A disciple came to Maruf Karkhi and said: “I have been talking to people about you. Jews claim that you are a Jew; Christians revere you as one of their own saints; Muslims insist that you are the greatest of all Muslims.”

Maruf answered: “This is what humanity says in Baghdad. When I was in Jerusalem, Jews said that I was a Christian, Muslims that I was a Jew, and Christians that I was a Muslim.”

“What must we think of you then?” said the man.

Maruf said: “Some do not understand me, and revere me. Others do not either, so they revile me. That is what I have come to say. You should think of me as one who has said this.”

A religious man is always misunderstood. If he is not misunderstood, he will not be a religious man.

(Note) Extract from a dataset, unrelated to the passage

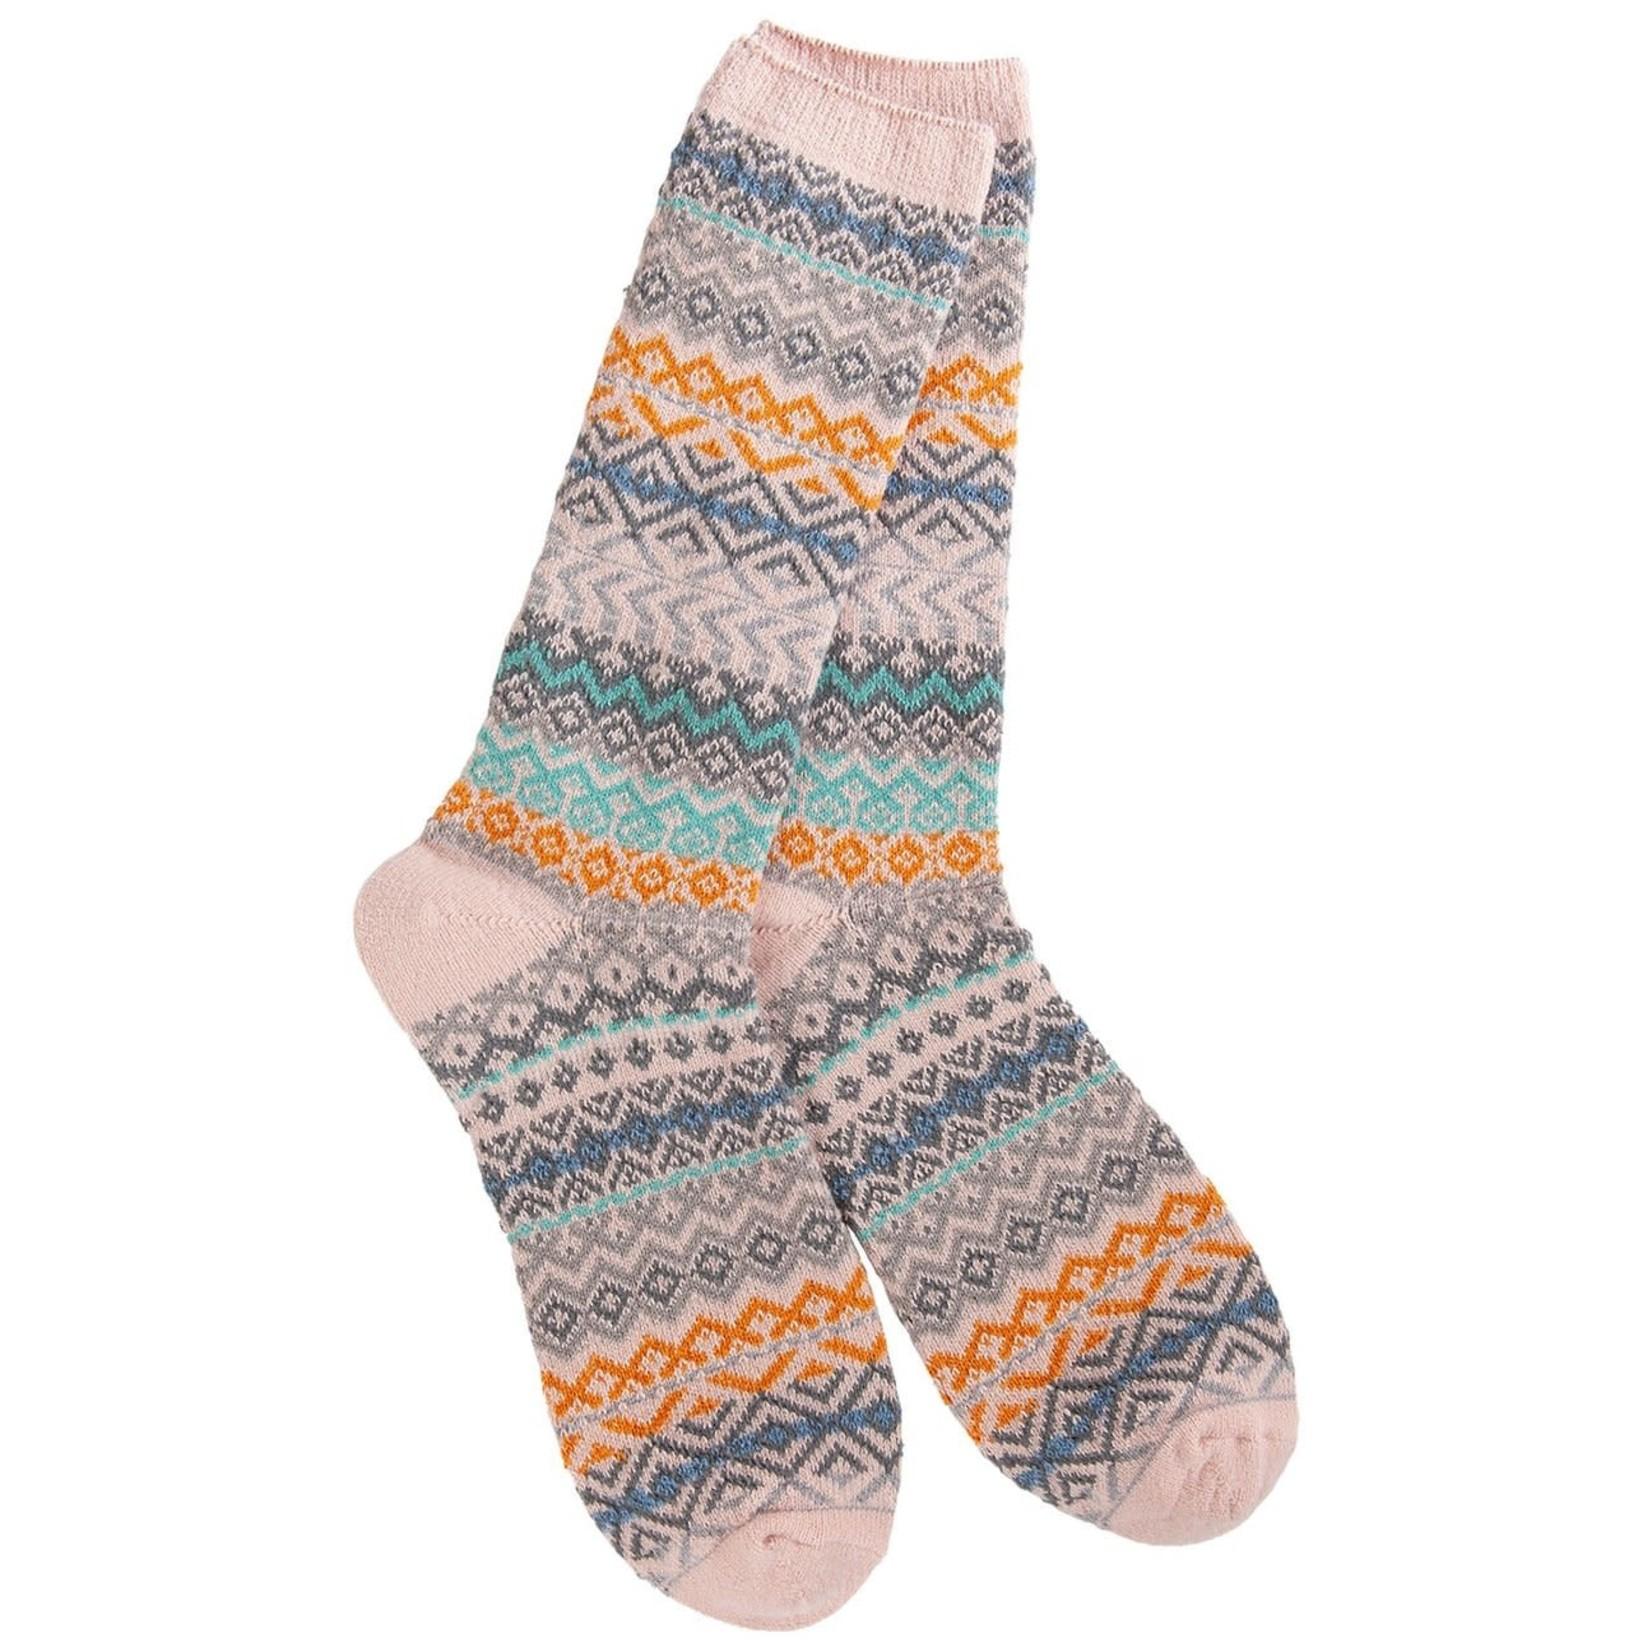 World's Softest Weekend Studio Crew Socks - Phoenix Sand

Humanity lives in a non-religious attitude towards life – sectarian, but not religious. So a religious man is a stranger. And whatsoever you say about him will be wrong, because you are wrong. And remember: whatsoever you say about him – I am not saying that if you say something in his favor that will be right, no; whether you are in favor of him or against him, it makes no difference – whatsoever you say will be wrong about him until you yourself have become a religious consciousness. Before that your reverence is false, your condemnation is false. You may think of him as a sage, and you have misunderstood. You may think of him as a sinner, and again you have misunderstood.

So the first thing to remember is: unless you are right, whatsoever you do, say, be, is going to be wrong. And a religious man is such a tremendous phenomenon, such a strange phenomenon, that you have no language to talk about him. All your words are futile in concern with him. Your whole language is useless, meaningless, because a religious man is religious because he has gone beyond the dualities, and the whole of language exists within dualities.

If you say he is good you are wrong because he is bad also. If you say he is bad you are wrong again because he is good also. And now the trouble arises because you cannot conceive how a good man can be bad also. You can comprehend only a part of the whole, because the other part is by necessity the opposite. It has to be so.

A religious man is a miniature God. Just like God he is paradoxical and contradictory. Just like God he is summer and winter, day and night, life and death. Just like God he is divine and devil both. Then the mind staggers.

The mind is very efficient if you are working in polarities. If you say yes the mind can understand. If you say no the mind can understand. But if you say yes and no both then it goes beyond mind. Unless you have gone beyond mind you cannot have the feeling of what a religious consciousness is.